A discrete version of the boundary value problem \[ \begin{cases} u''(t) \in Au(t) \text{ a.e. } t\in(0,\infty) \\ u(0)=a,\;\sup_{t\geq0}\|u(t)\|<\infty \end{cases} \] is studied. Here \(A\) is a maximal monotone (possibly multivalued) operator in a Hilbert space \(H\) and \(a\) belongs to the domain \(D(A)\) of \(A.\)
The proposed version of the above problem is \[ \begin{cases} u_{n+1}-(1+\theta_n) u_n+\theta_n u_{n-1}\in c_n Au_{n},\;n\geq1\\ u_0=a,\;\|u_{n}\|\leq c,\;(\forall) n\geq1, \end{cases} \] where \(a\in H,\) \(c>0,\) \(c_n>0,\) \(\theta_n\geq1,\) \((\forall)n\geq1,\) \((\theta_n)\) nonincreasing sequence.
It is shown that, if \(A:D(A) \subseteq H\rightarrow H\) is a maximal monotone operator in \(H,\) with \(A^{-1}0\neq\Phi,\) then the above difference scheme has a unique solution \((u_n) \subset D(A).\)

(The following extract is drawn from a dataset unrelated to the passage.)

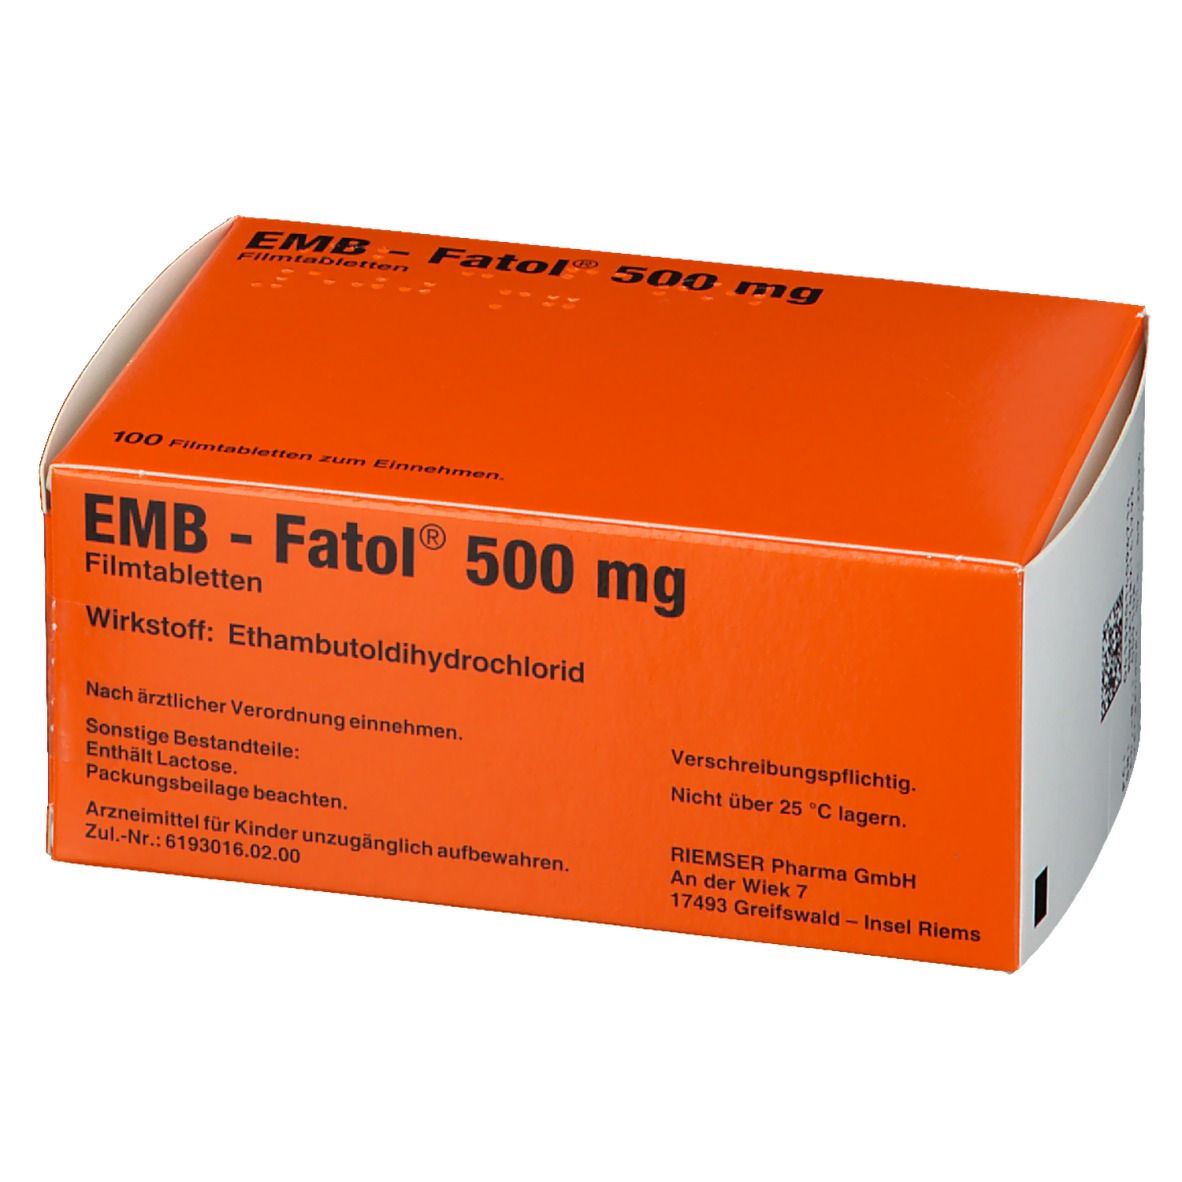 EMB-Fatol® 500 mg
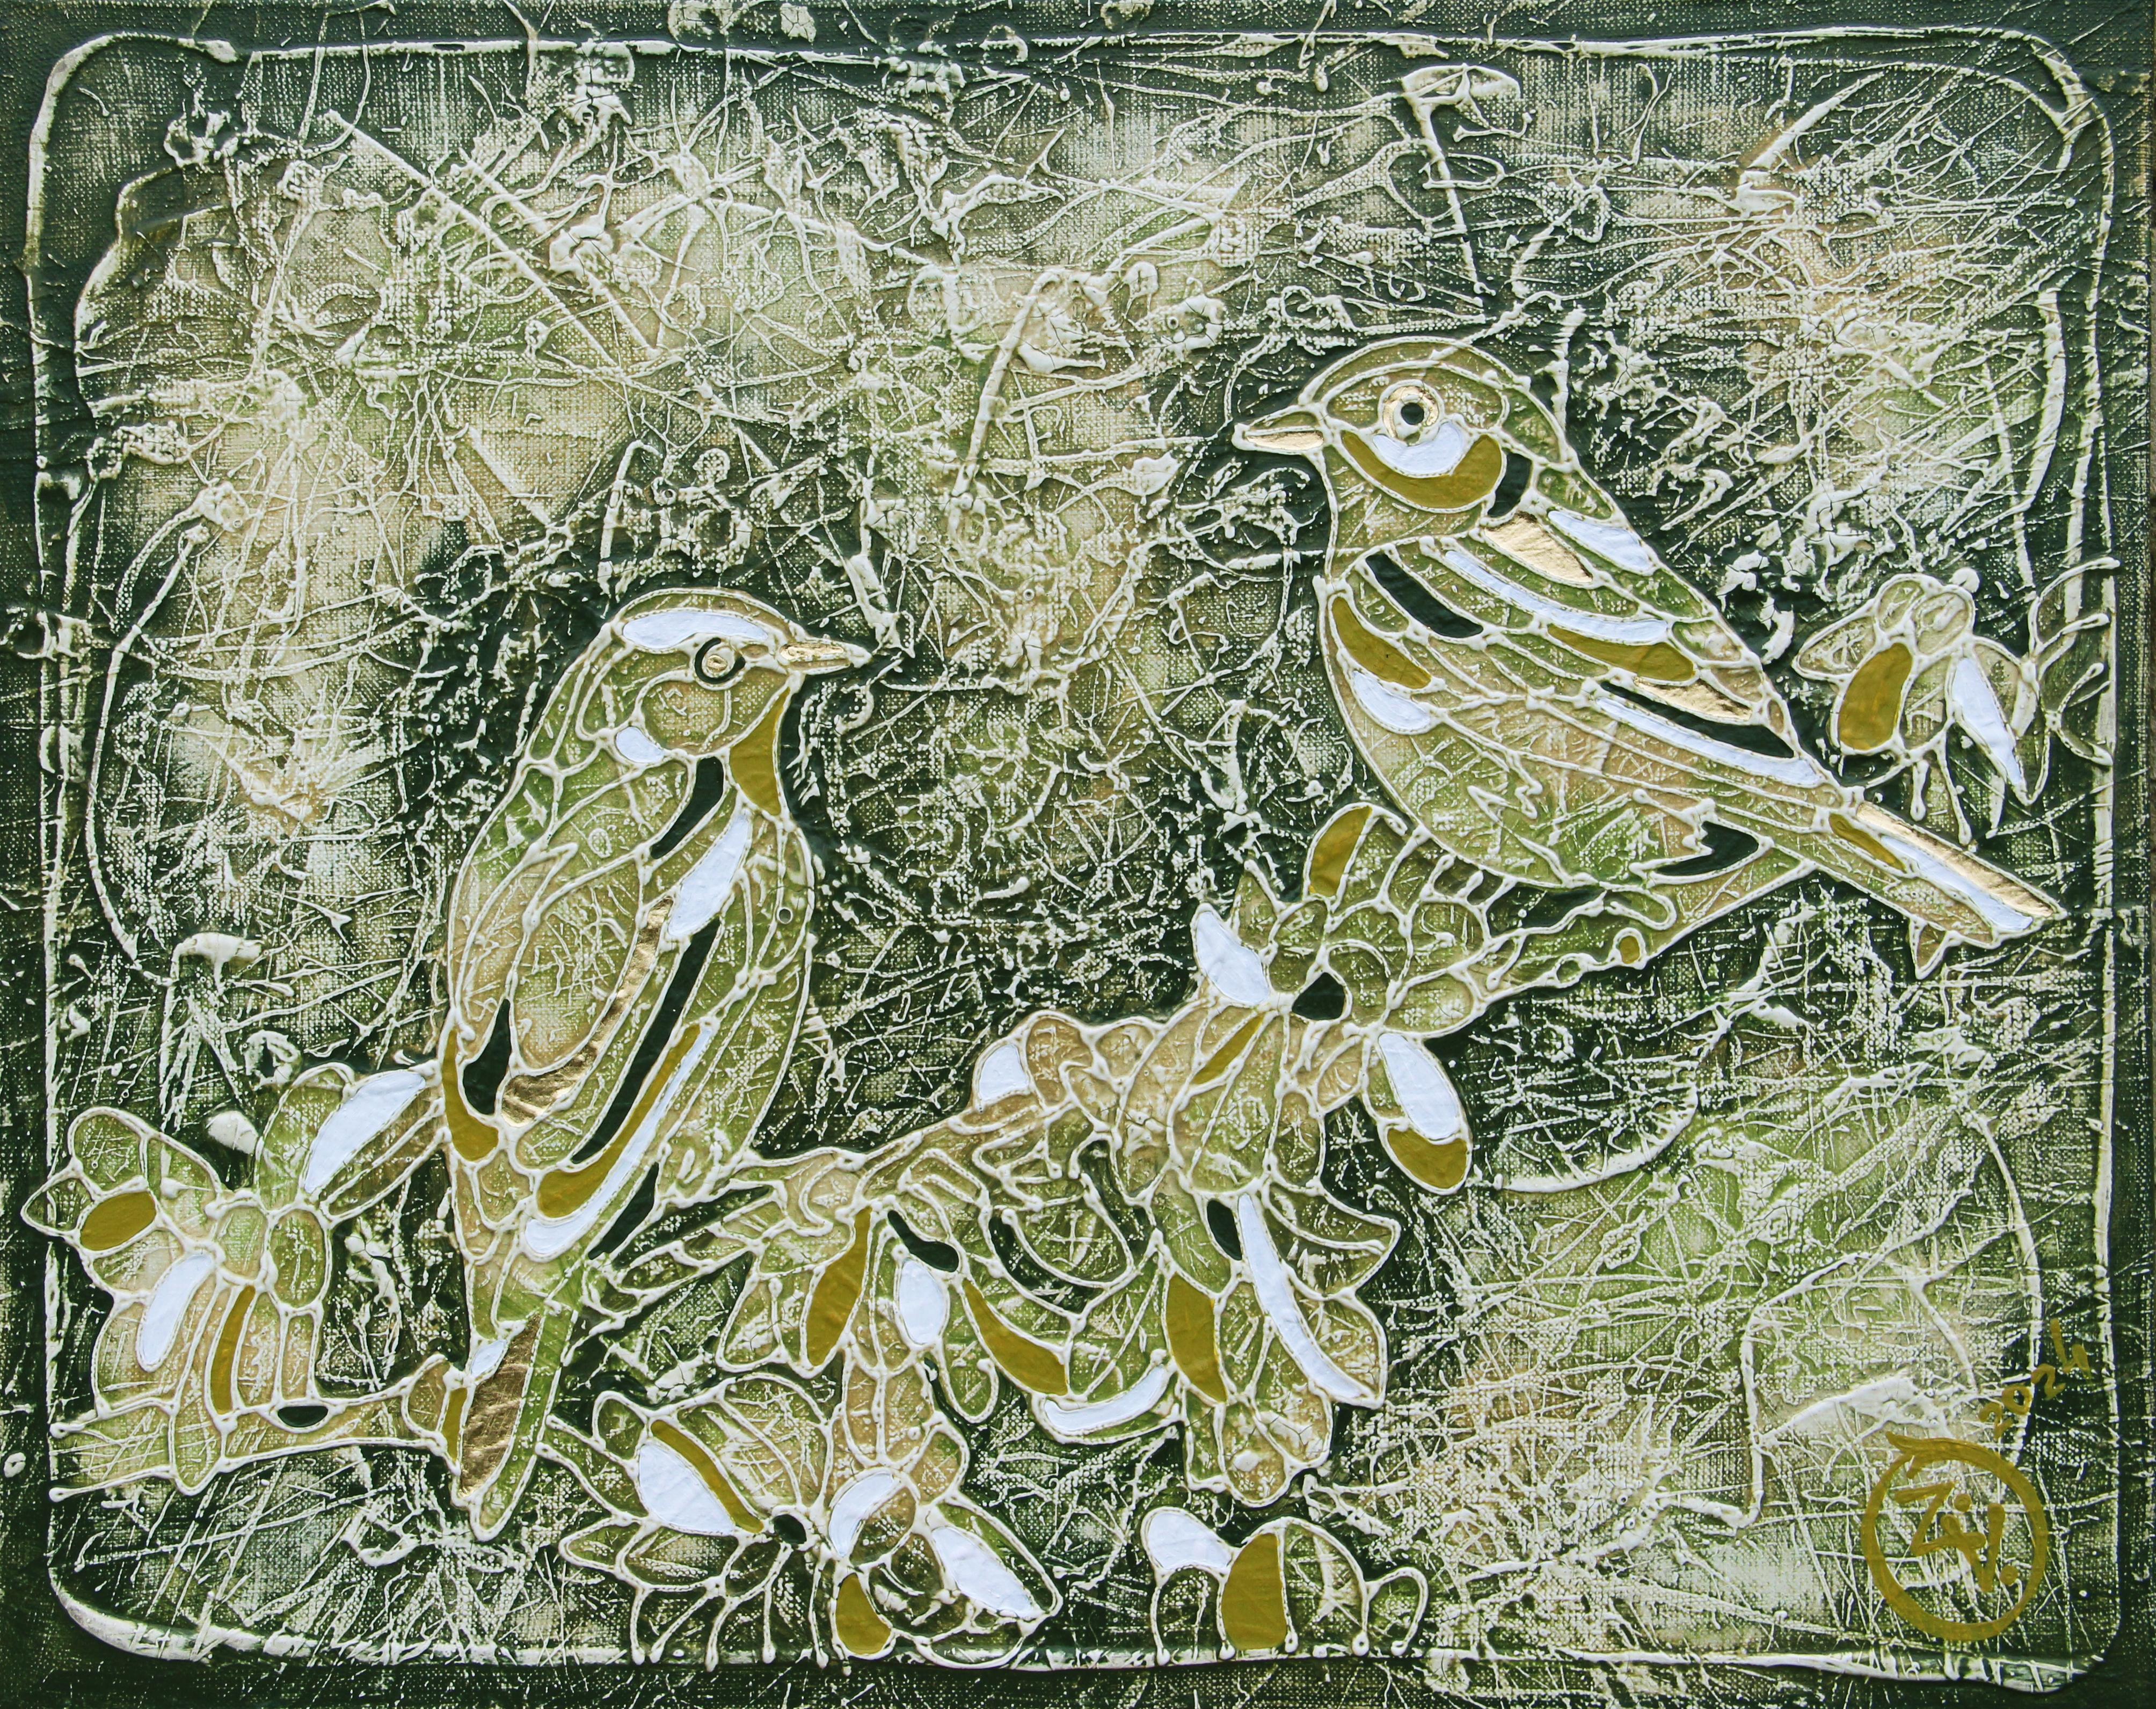 La peinture est réalisée selon la technique de l'auteur, à savoir la peinture acrylique sur toile à base de Vasily Vasko, en utilisant une variété de textures, de lavis, de glacis les plus fins, de contours volumétriques lisibles au toucher pour les

The asymptotic behavior is also studied. In the subdifferential case, if \(\sum_{n=1}^{\infty} c_n/\theta_n=\infty,\) then the weak convergence of the solution to an element \(u\in A^{-1}0\) is proved. If \(A\) is univoque, maximally monotone and strongly monotone, then the convergence of the solution is strong. If \((I+A)^{-1}\) is a compact operator and \(\sum_{n=1}^{\infty}c_n^2/(1+\theta_n)^2=\infty,\) then the solution is also strongly convergent to an element \(u\in A^{-1}0.\)
The case \(\theta_n\equiv1\) was treated in some papers due to E. Mitidieri and G. Morosanu.